Страница 8 из 34
– Даже, – фыркнул Гофрихтер, – используя пентаграмму на полу?
– Ежели это лечит, – серьезно сказал Галль, – ежели помогает, ежели успокаивает боль, то даже. Такие способности – дар Божий. Господь одаряет ими по своей воле и по ему одному известному намерению. Spiritus flat, ubi vult[45]. Пути Господни неисповедимы.
– Аминь, – подсуммировал бургомистр.
– Короче говоря, – не сдавался Гофрихтер, – такой человек, как Рейневан, виновным быть не может? Об этом речь? Э?
– Кто невинен, – ответствовал с каменным лицом Якуб Галль, – пусть первым бросит камень. А Бог всех нас рассудит.
Некоторое время стояла тишина, настолько глубокая, что слышен был шелест крыльев ночных бабочек, бьющихся в окна. Со Свентоянской улицы донесся протяжный и певучий голос городского стражника.
– Итак, подводим итог. – Бургомистр выпрямился за столом так, что уперся в него животом. – Балаган в граде нашем Олесьнице устроили братья Стерчи. В материальном уроне и телесных повреждениях, возникших на рынке, виноваты Стерчи.
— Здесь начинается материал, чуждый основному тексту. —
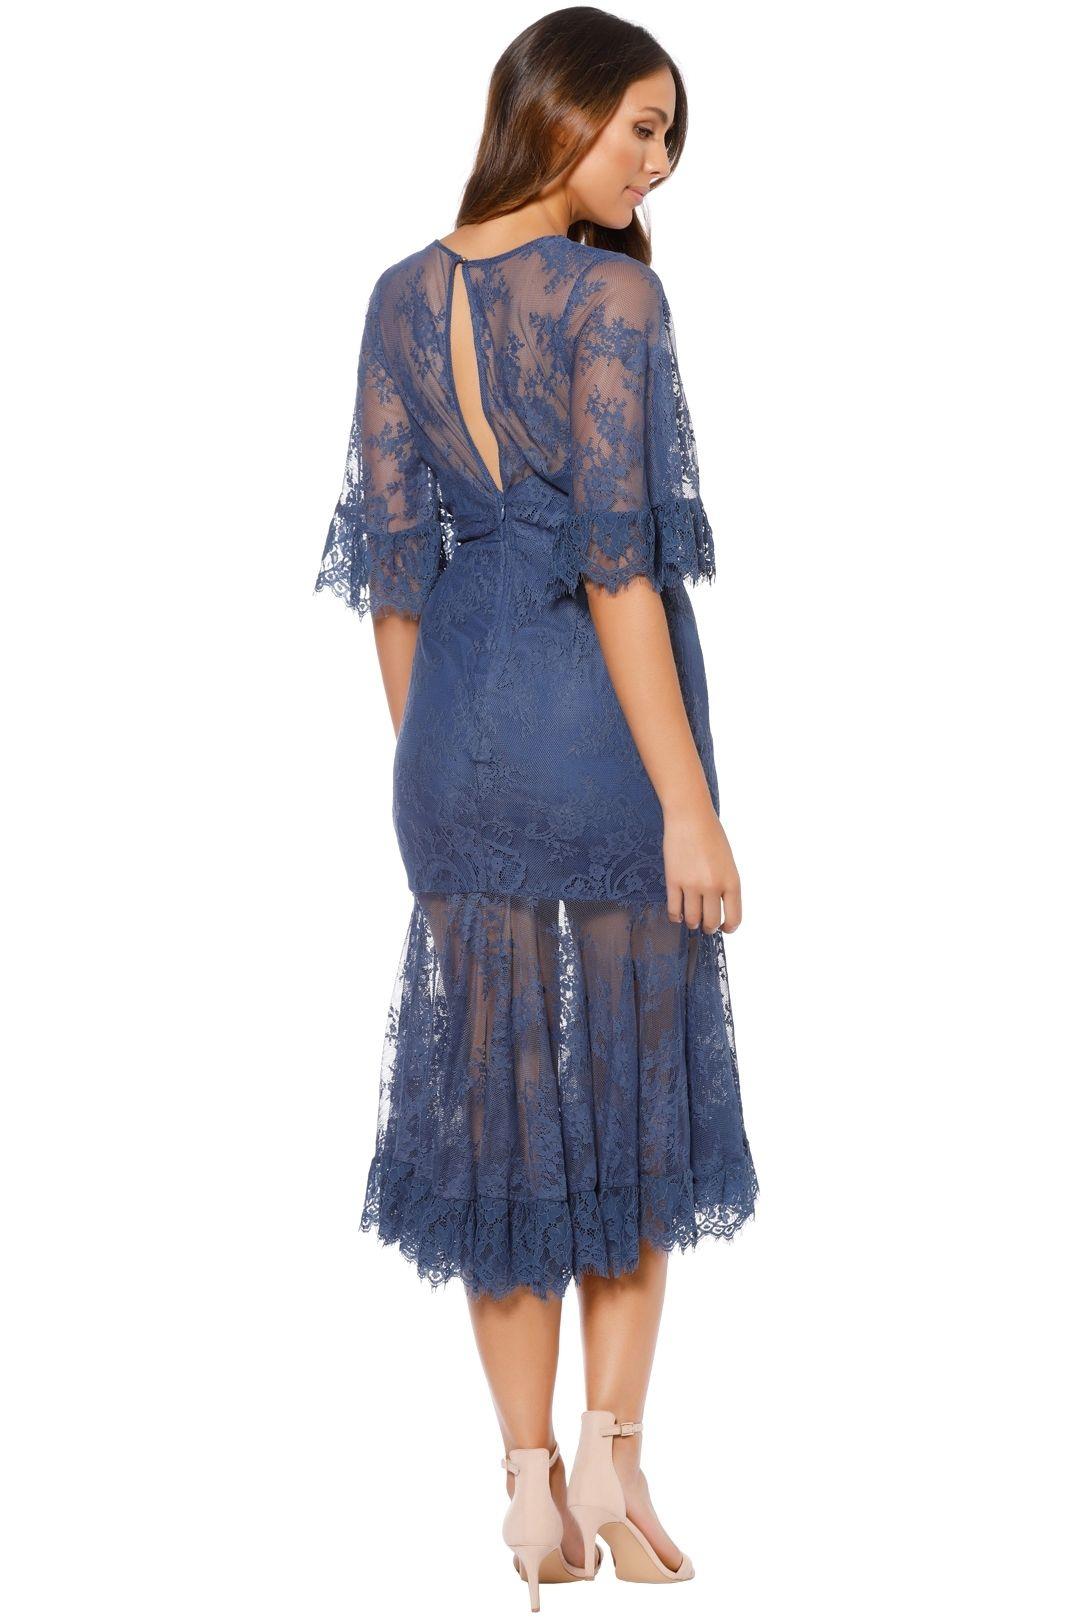 Talulah - Transpire Lace Maxi Dress - Blue - Back

В потере здоровья и, не приведи Господи, смерти его преподобия приора Штайнкеллера виноваты братья Стерчи. Они, и только они. Случившееся с Никласом фон Стерча было, стал-быть, прискорбной случайностью. Так я и изображу события князю, когда он вернется. Все согласны?
– Согласны.
– Consensus omnium[46].
– Concordi voce[47].
– А если Рейневан где-нибудь объявится, – добавил после минутного молчания плебан Галль, – то я советую господам тихо изловить его и запереть. Здесь, в карцере нашей ратуши. Ради его же собственной безопасности. Пока все не уляжется.
– Хорошо бы, – добавил Лукас Фридман, рассматривая перстни, – сделать это побыстрее. Прежде чем обо всем узнает Таммо Стерча.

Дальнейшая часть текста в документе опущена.